Working data:
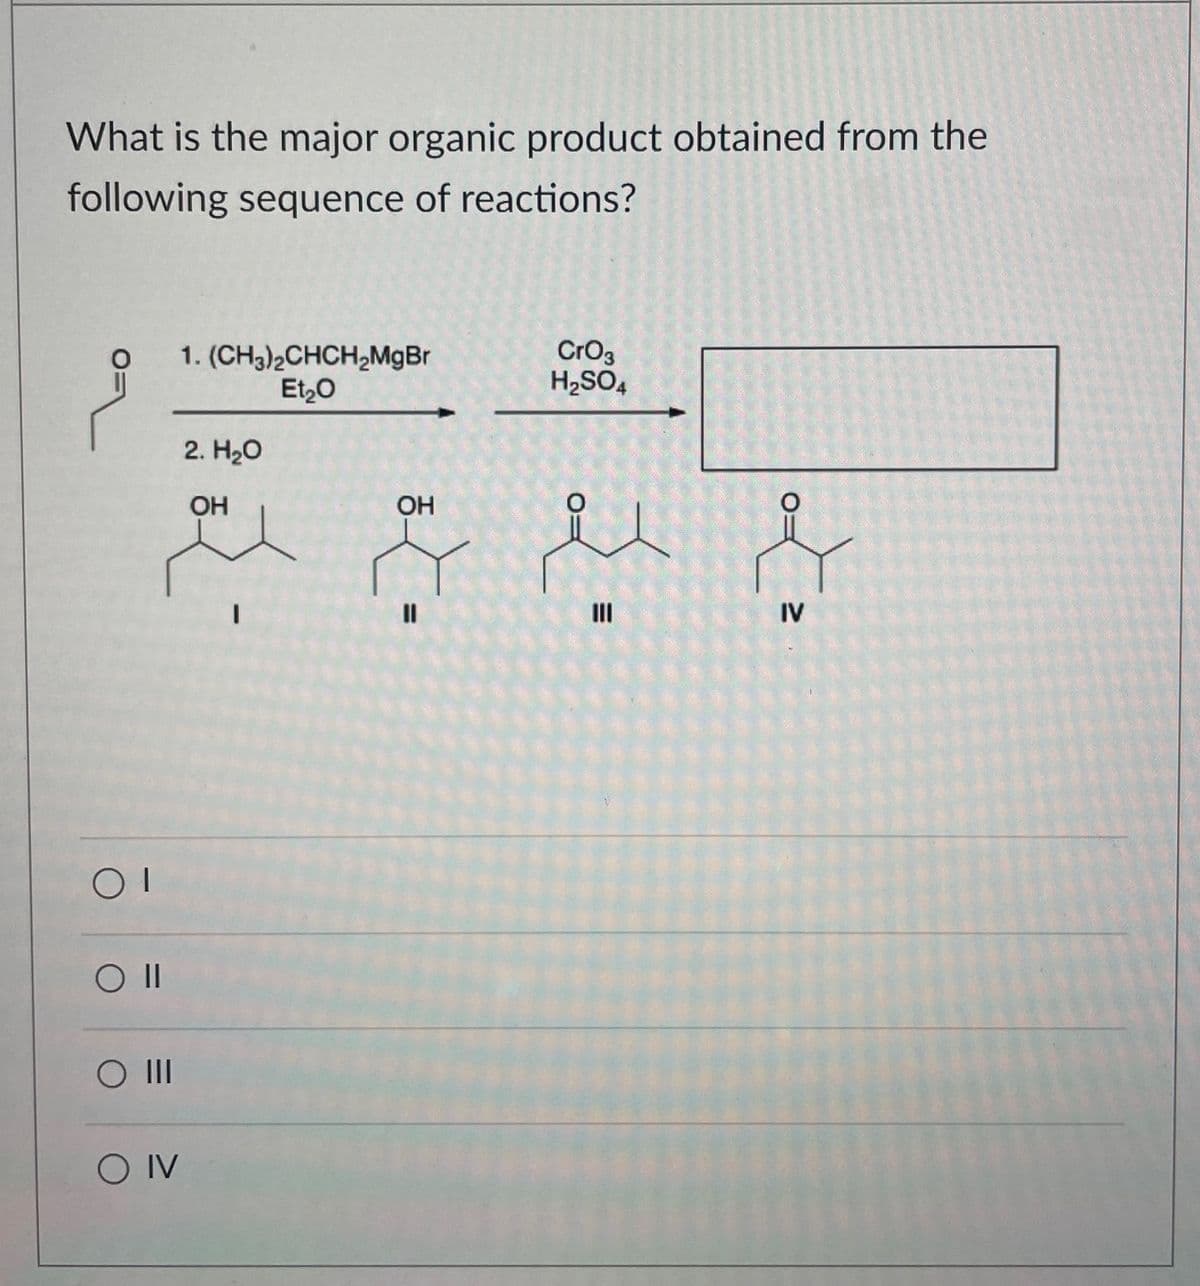 OI
O II
○ III
O IV
What is the major organic product obtained from the
following sequence of reactions?
1. (CH3)2CHCH2MgBr
Et₂O
2. H₂O
OH
OH
I
=
CrO3
H2SO4
=
III
IV
O

Task item: Give back each entry exactly as it appears, with no pictures.

Reply:
 OI
O II
○ III
O IV
What is the major organic product obtained from the
following sequence of reactions?
1. (CH3)2CHCH2MgBr
Et₂O
2. H₂O
OH
OH
I
=
CrO3
H2SO4
=
III
IV
O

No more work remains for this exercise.